Tuesday, June 27, 2017 - 4:00pm
Event Calendar Category
Other LIDS Events
Building and Room Number
We provide the first sublinear running time upper bound and a nearly matching lower bound for the discounted Markov decision problem. In particular, we propose a randomized linear programming algorithm for approximating the optimal policy of the discounted Markov decision problem. We show that it finds an ε-optimal policy using nearly-linear running time in the worst case. For Markov decision processes that are ergodic under every stationary policy, we show that the algorithm finds an ε-optimal policy using running time linear in the total number of state-action pairs, which is sublinear in the input size. We establish computational lower bound on the run time of any randomized algorithm for solving the MDP, which suggests that the complexity of MDP depends on data structures of the input. These results provide new complexity benchmarks for solving stochastic dynamic programs. The proposed algorithm can be extended to apply to reinforcement learning and yield sharp PAC sample complexity.

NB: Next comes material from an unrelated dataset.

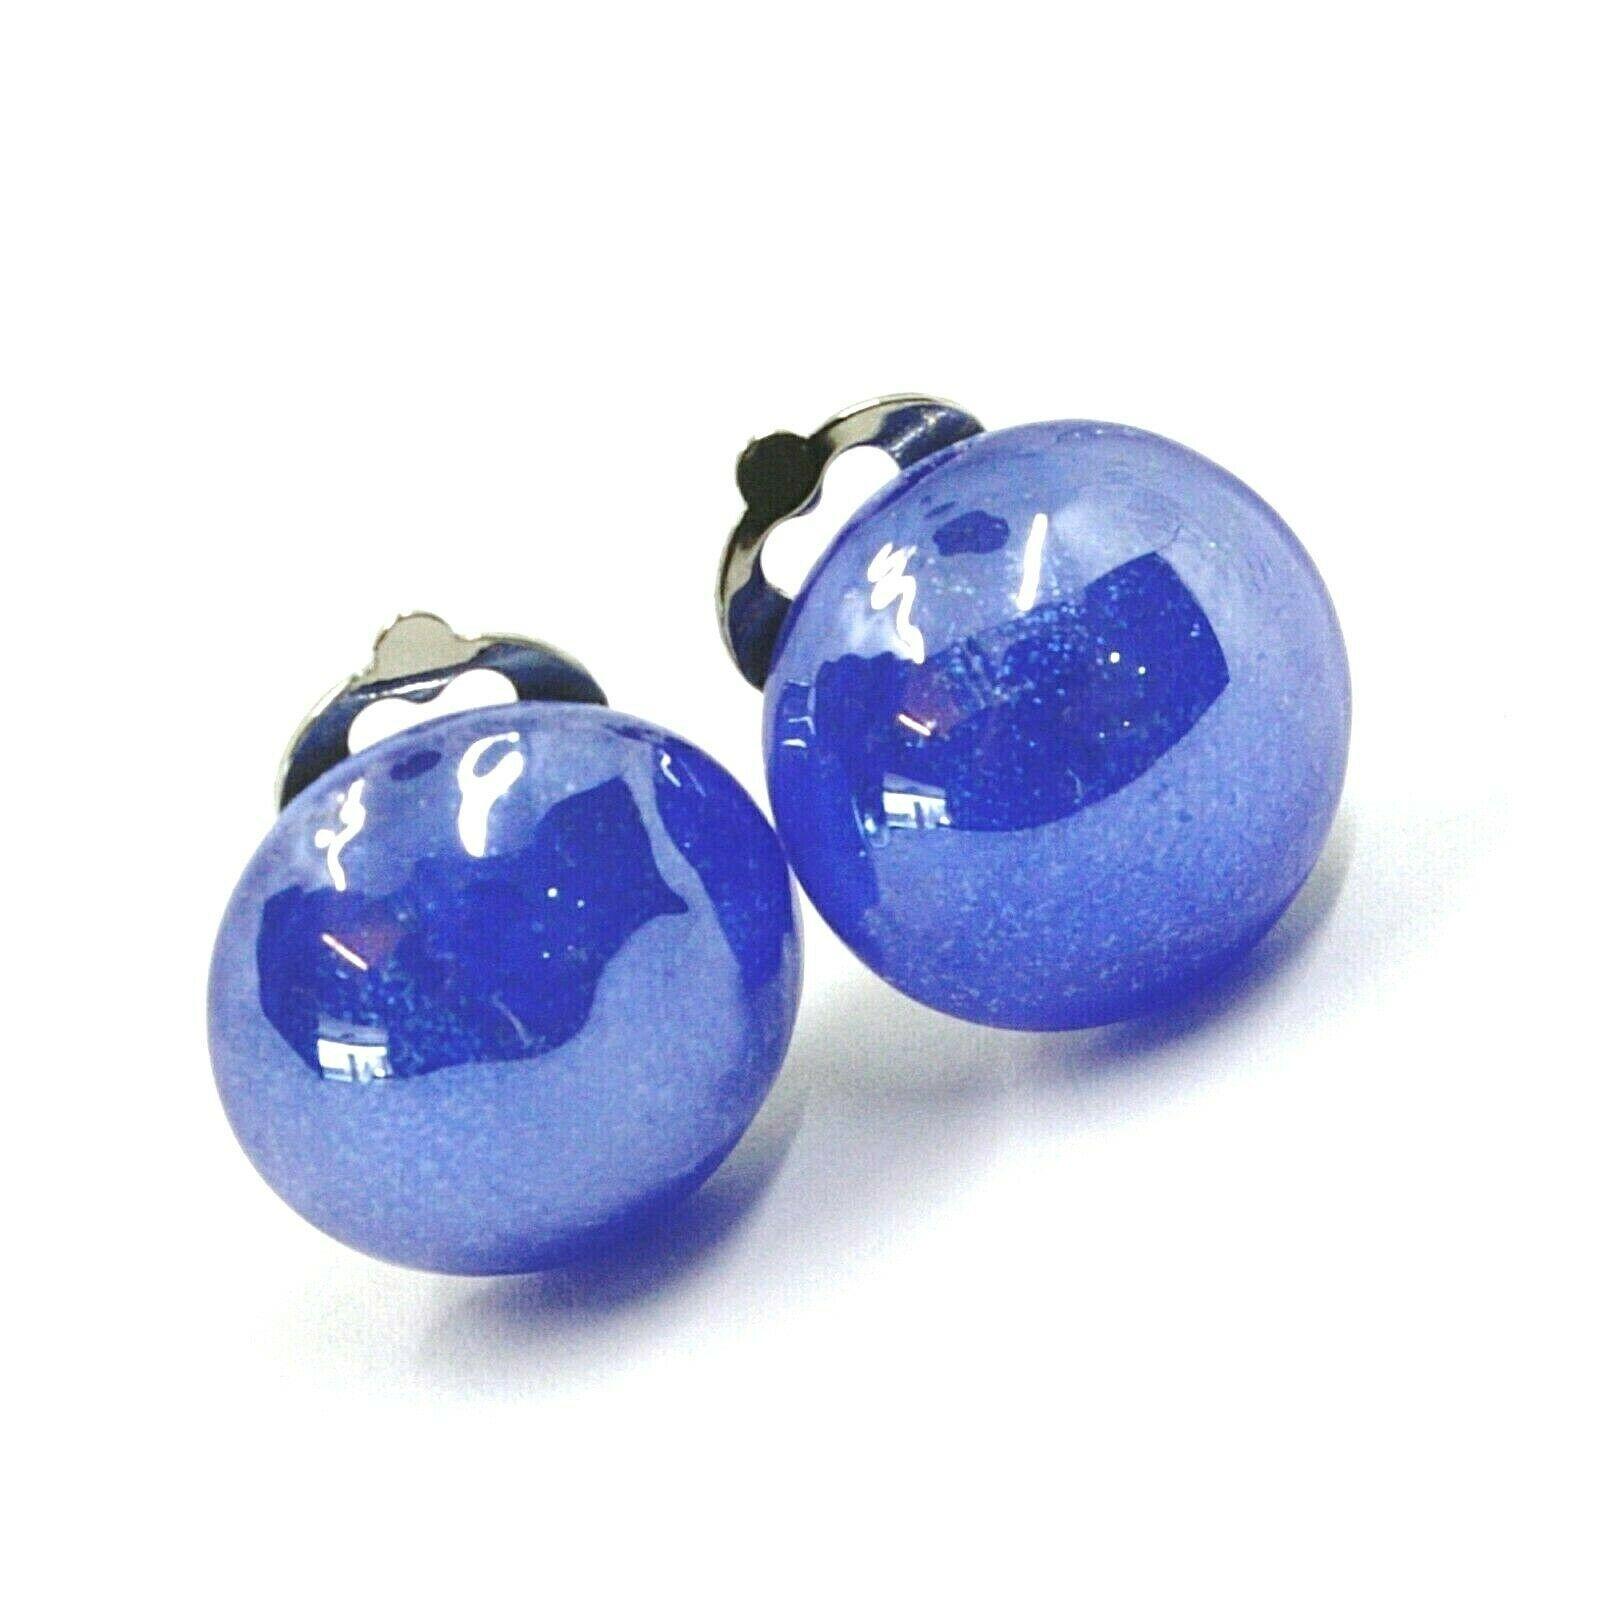 Earrings Antica Murrina Venezia, OR512A06, half Sphere, Blue, Closing Clips
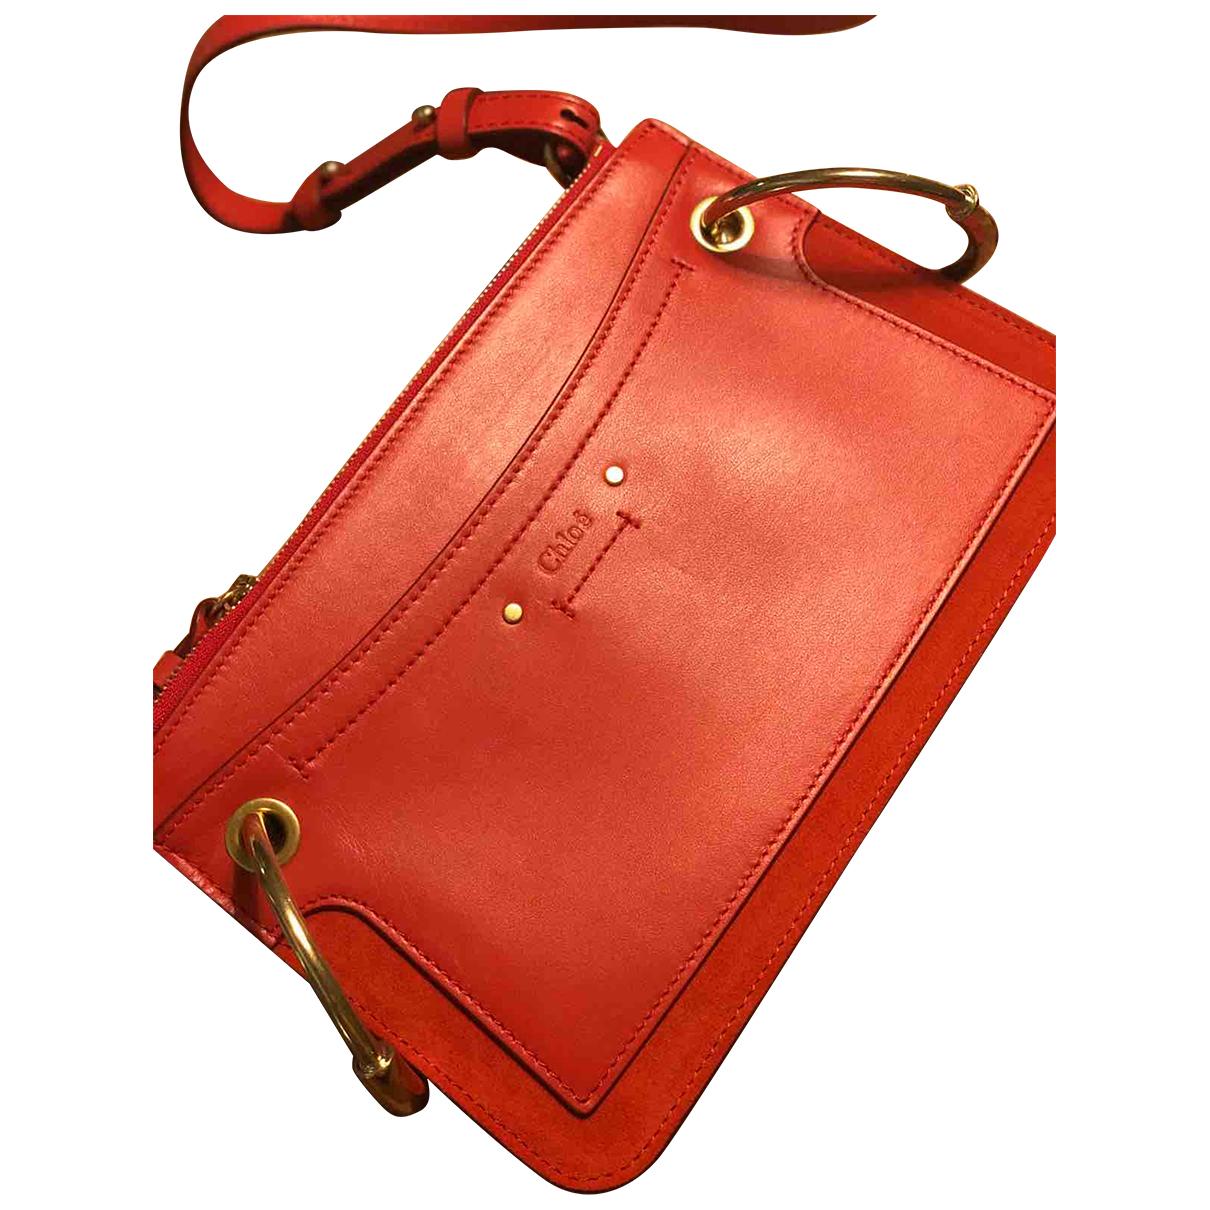 Chloe Roy Handtasche in  Rot Leder

Mengdi Wang is interested in data-driven stochastic optimization and applications in machine and reinforcement learning. She received her PhD in Electrical Engineering and Computer Science from Massachusetts Institute of Technology in 2013. At MIT, Mengdi was affiliated with the Laboratory for Information and Decision Systems and was advised by Dimitri P. Bertsekas. Mengdi became an assistant professor at Princeton in 2014. She received the Young Researcher Prize in Continuous Optimization of the Mathematical Optimization Society in 2016 (awarded once every three years), the Princeton SEAS Innovation Award in 2016, and the NSF Career Award in 2017.